The authors also note a contrast with Zoph et al. (2020), who found that self-training outperforms pre-training in image recognition. They hypothesize that chemical compound strings may have more universal representations than images, making pre-training more effective in the chemistry domain.
Three Data Transfer Methods for Retrosynthesis
The paper formalizes retrosynthesis as a seq-to-seq problem where both the product $x$ and reactant set $y$ are represented as SMILES strings. A retrosynthesis model defines a likelihood $p_{\mathcal{M}}(y \mid x; \theta)$ optimized via maximum log-likelihood:
$$ \theta^{*} = \arg\max_{\theta} \sum_{(x_{i}, y_{i}) \in \mathcal{D}^{T}_{\text{Train}}} \log p(y_{i} \mid x_{i}) $$
Given a target dataset $\mathcal{D}^{T}$ and an augment dataset $\mathcal{D}^{A}$, three transfer methods are examined:
Joint Training concatenates the training sets and optimizes over the union:
$$ \theta^{*}_{\text{joint}} = \arg\max_{\theta} \sum_{(x_{i}, y_{i}) \in \mathcal{D}_{\text{joint}}} \log p(y_{i} \mid x_{i}), \quad \mathcal{D}_{\text{joint}} = \mathcal{D}^{T}_{\text{Train}} \cup \mathcal{D}^{A}_{\text{Train}} $$
This requires that both datasets share the same input/output domain (same SMILES canonicalization rules).
Self-Training (pseudo labeling) first trains a base model on $\mathcal{D}^{T}$ alone, then uses this model to relabel the augment dataset products:
$$ \hat{y}_{i} = \arg\max_{y} \log p(y \mid x_{i}; \theta^{*}_{\text{single}}) \quad \text{for } x_{i} \in \mathcal{D}^{A}_{\text{Train}} $$
The pseudo-labeled augment set is then combined with $\mathcal{D}^{T}_{\text{Train}}$ for joint training. This approach does not require consistent label domains between datasets.

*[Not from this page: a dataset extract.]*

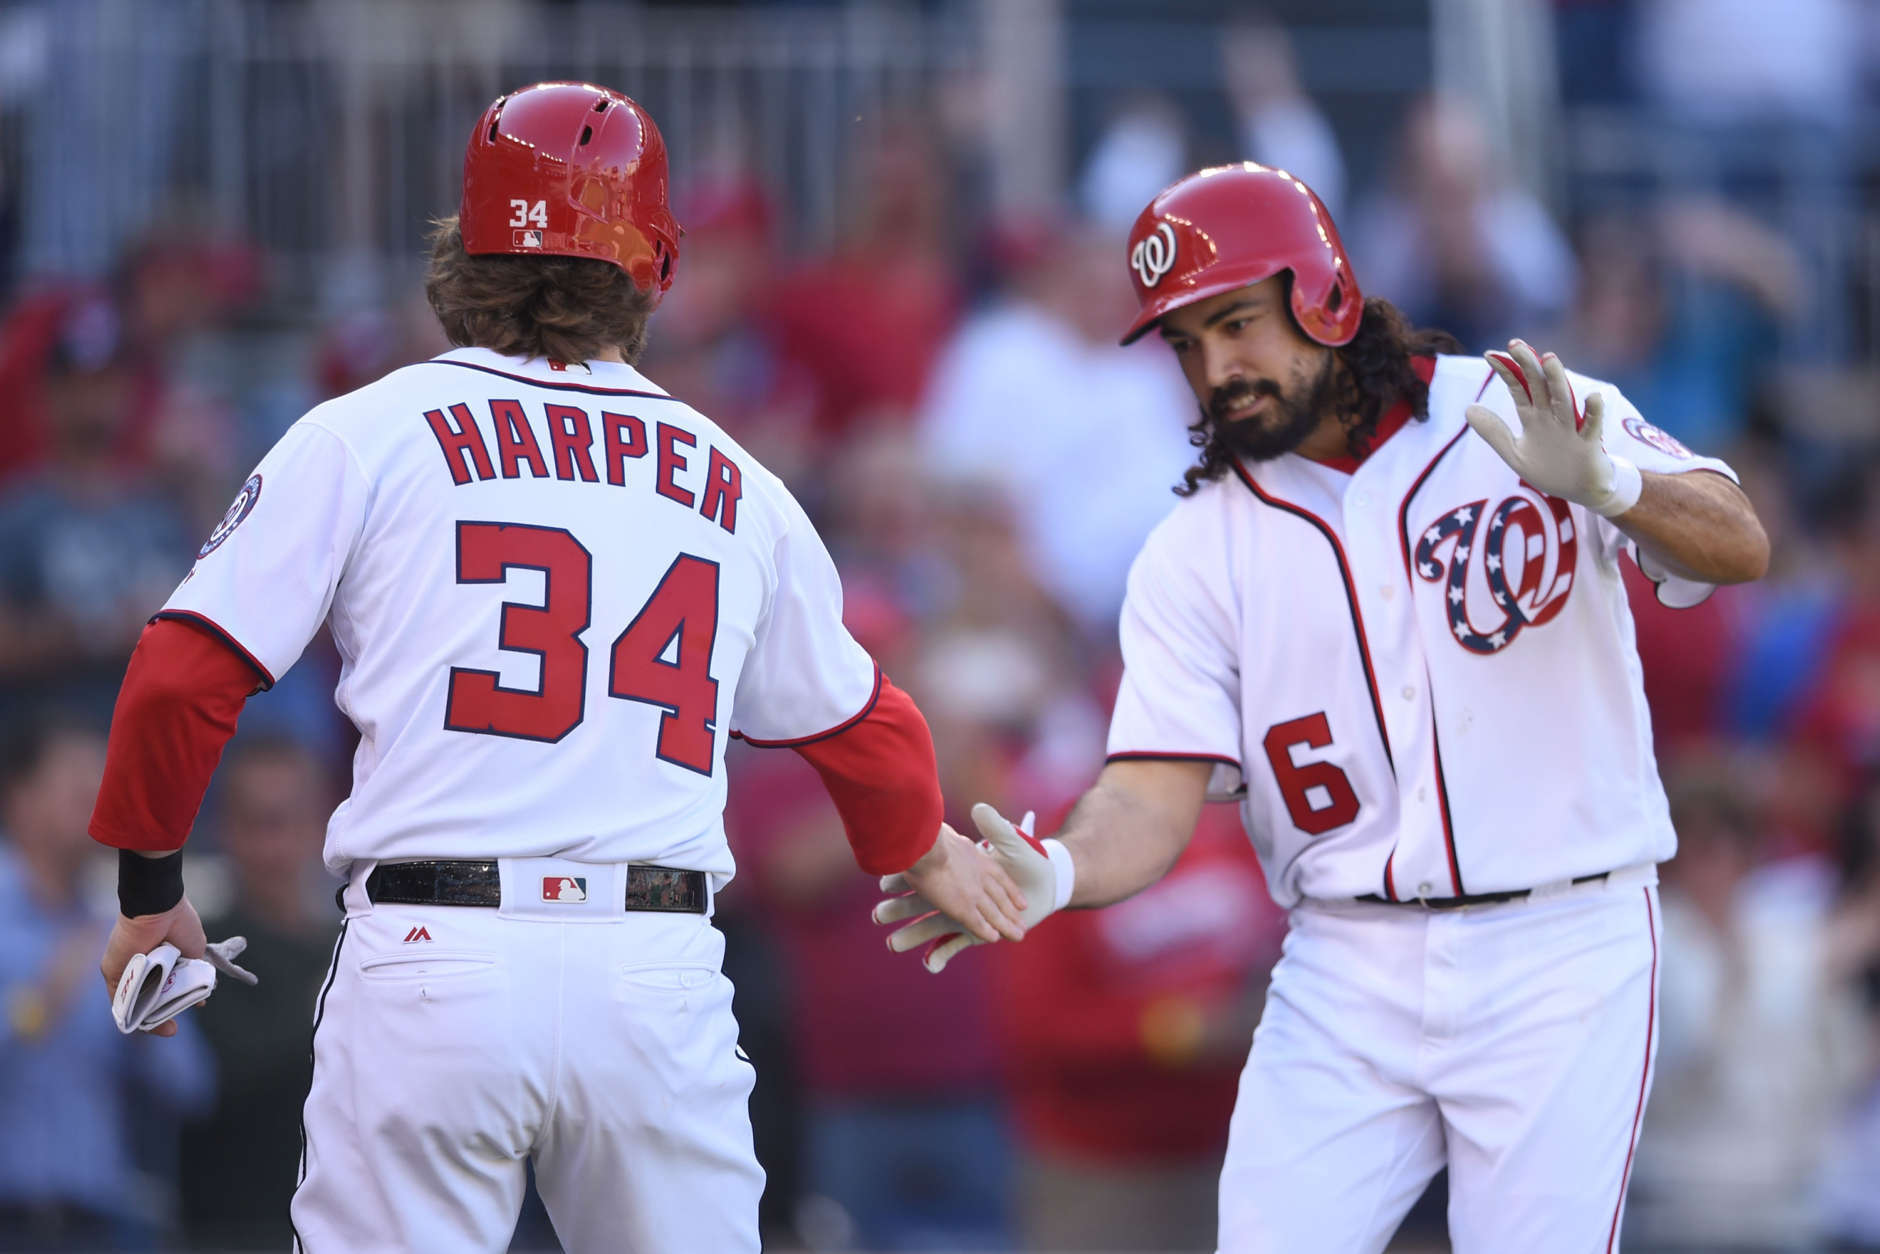 WASHINGTON, DC - OCTOBER 01:  Anthony Rendon #6 of the Washington Nationals celebrates hitting a three run home run in the first inning with Bryce Harper #34 during a baseball game against the Pittsburgh Pirates at Nationals Park on October 1, 2017 in Washington, DC.  (Photo by Mitchell Layton/Getty Images)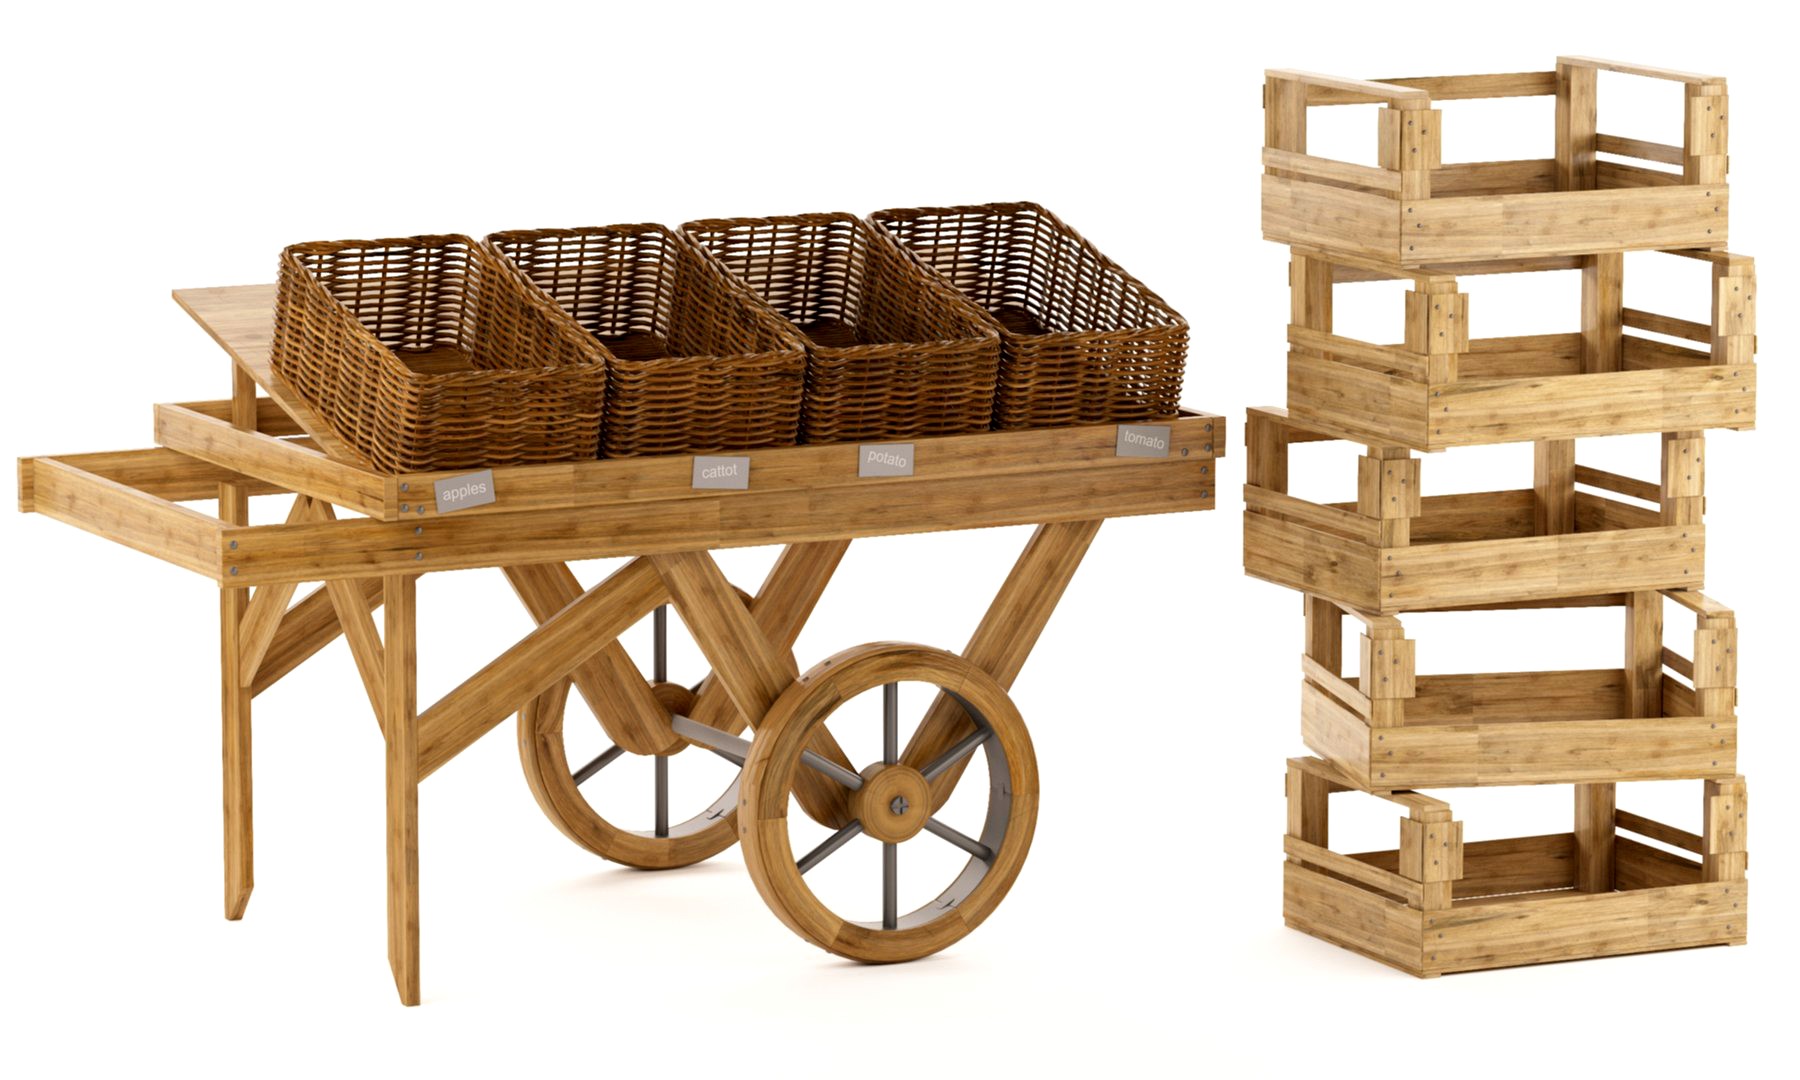 Wood trolley and crates

Pre-training plus Fine-tuning trains first on the augment dataset to obtain $\theta^{*}_{\text{pretrain}}$, then initializes fine-tuning from this checkpoint:
$$ \theta^{0}_{\text{finetune}} \leftarrow \theta^{*}_{\text{pretrain}}, \quad \theta^{\ell+1}_{\text{finetune}} \leftarrow \theta^{\ell}_{\text{finetune}} - \gamma^{\ell} \nabla \mathcal{L}(\mathcal{D}^{T}_{\text{Train}}) \big|_{{\theta^{\ell}_{\text{finetune}}}} $$
Experimental Setup on USPTO Benchmarks
The experiments use a fixed Transformer architecture (3 self-attention layers, 500-dimensional latent vectors) implemented in OpenNMT-py, evaluated across all three transfer methods.
Datasets:
| Purpose | Dataset | Size | Notes |
|---|---|---|---|
| Target | USPTO-50K | 40K/5K/5K (train/val/test) | 10 reaction classes, curated by Lowe (2012) |
| Augment (main) | USPTO-Full | 844K train (after cleansing) | Curated by Lowe (2017) |
| Augment (smaller) | USPTO-MIT | 384K train (after cleansing) | Curated by Jin et al. (2017) |
Data cleansing removed all augment dataset samples whose product SMILES appeared in any USPTO-50K subset, preventing data leakage. All datasets were re-canonicalized with a unified RDKit version.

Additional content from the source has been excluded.